Her lips twitched into a wry smile. “You think I love it? It’s like being embalmed alive, that’s what it is. And now, because you’re scared of going to hell—”

“I’m not afraid of hell. I’m afraid of jail and war and of being a bum without two pesos to rub between his fingers, but I’m not afraid of hell. I want out of here, that’s all,” he said gruffly, and he stood up quick, pulling the curtains aside to look at the moon.

“You want out? It’s that easy, huh? All for nothing. All this planning and talking for nothing.”
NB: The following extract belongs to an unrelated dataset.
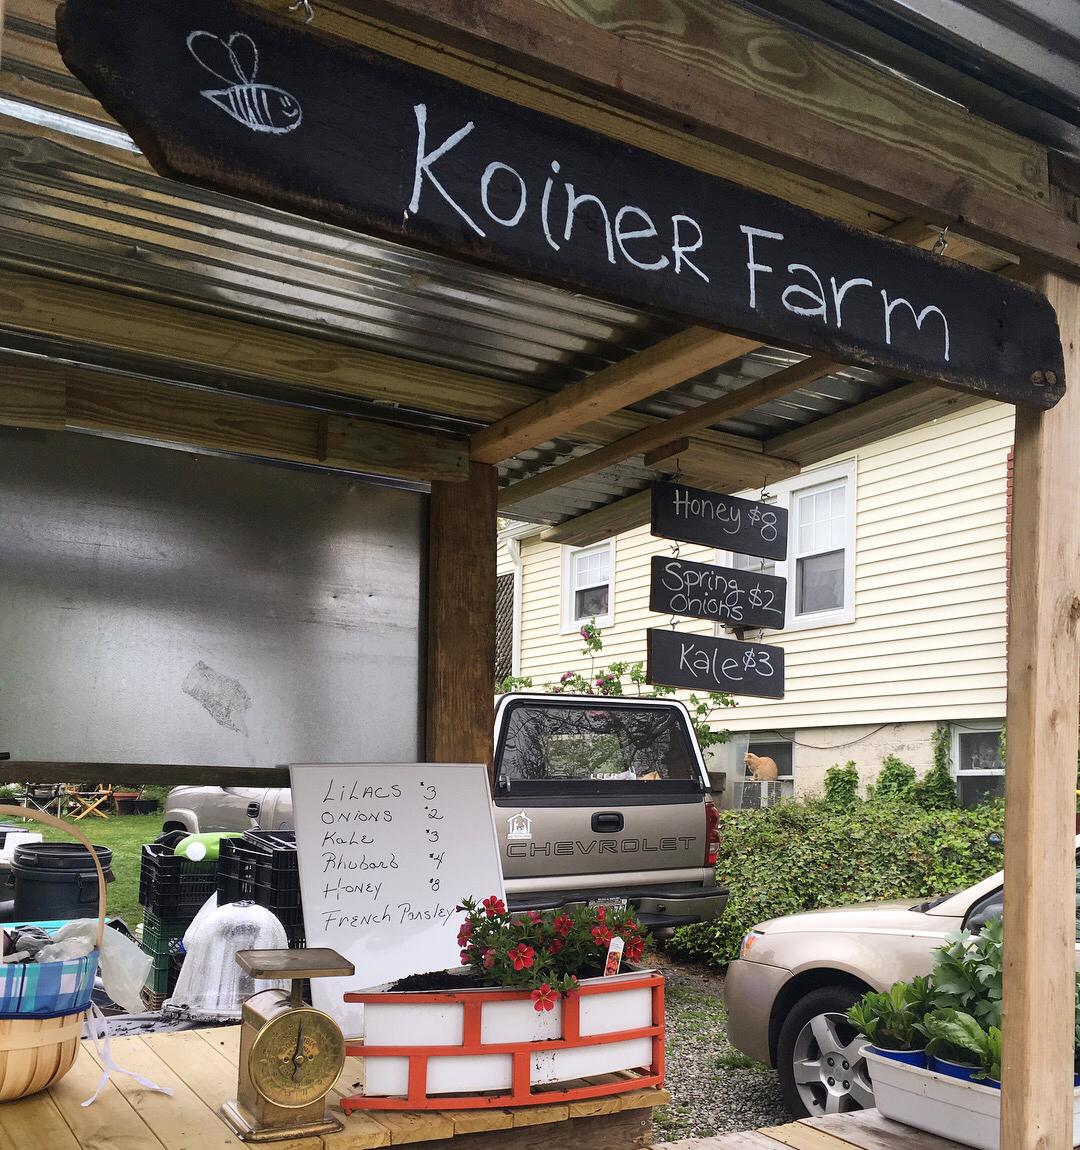 Koiner Farm

Her heart was beating fast and furious. She wanted to claw his eyes out, but she was afraid if she got her hands on him she’d start doing something entirely different.

That she’d rip his shirt off and his trousers and rake her nails down his chest. She clamped her mouth shut and stared at the ceiling, the silence in the room piercing her ears.

“I’m taking off Sunday. Everyone will be out Sunday, they always are. Perla goes to church in the morning, and in the afternoon, she’s out visiting friends. The servants have the day off. The Zorrilla sisters won’t be around. No one will know I’m gone until late in the evening.”

She said nothing, straightening up, waiting, because although he had stopped speaking it was obvious this was but a pause.

More words lingered in the air between them, heavy and sharp, yet he seemed to hold his breath and did not continue, and the uncomfortable silence settled around them once more.

She wished to speak to him in violence, to blurt out nasty and awful curses, but she reined in her shivering heart.

“Moving on. Just like that,” she said at last.

“It’s too bad it ended this way,” he said, and by the way he spoke, which was almost a sigh, she knew this was the conclusion of it all.

He said nothing of her going with him, although if he’d asked, she would have said no. Down that road there were harder times and paltrier schemes. Still, it stung that he would detach himself from her with elegant indifference. She’d thought him, at times, her friend. How wrong she’d been.

“I wish you the best of luck,” she replied coolly, without meaning a single word.

“Thanks.”

She looked at the ceiling, pulled at the bedsheets, and bit her lip to keep herself from crying. Then came the creak of the door as it closed, and she was alone. Tears pricked her eyes, but she would not let them fall onto her pillow, wiping them away with the palms of her hands.

He asked Perla if he could borrow the car on Sunday, after church, to take photographs of the surroundings of Puerco Ahogado.

“After all, I need to familiarize myself with the vehicle if Fito won’t be around.”

“I suppose it’s fine,” Perla told him.

Inés tried not to stare at him, nailing her gaze to the ground. The hours seemed to crawl agonizingly slowly after that, each day lasting an eternity. She cursed him in silence for being a coward and looking for an escape, then cursed herself for ever thinking she could trust him.

Sunday came, and she sat in church next to Ulises and Perla, blind to all sights and deaf to the priest’s sermon.

This being the first Sunday of the month, Ulises left as soon as mass was over.

Then came the praying of the rosary, even though Inés could hardly mouth a word and her fingers were clumsy upon the beads.

She tapped her foot, anxious to return to the house, to see if he had really driven off in the car. At last, they exited the church, and her aunt adjusted the mantilla on her head. They walked back in silence.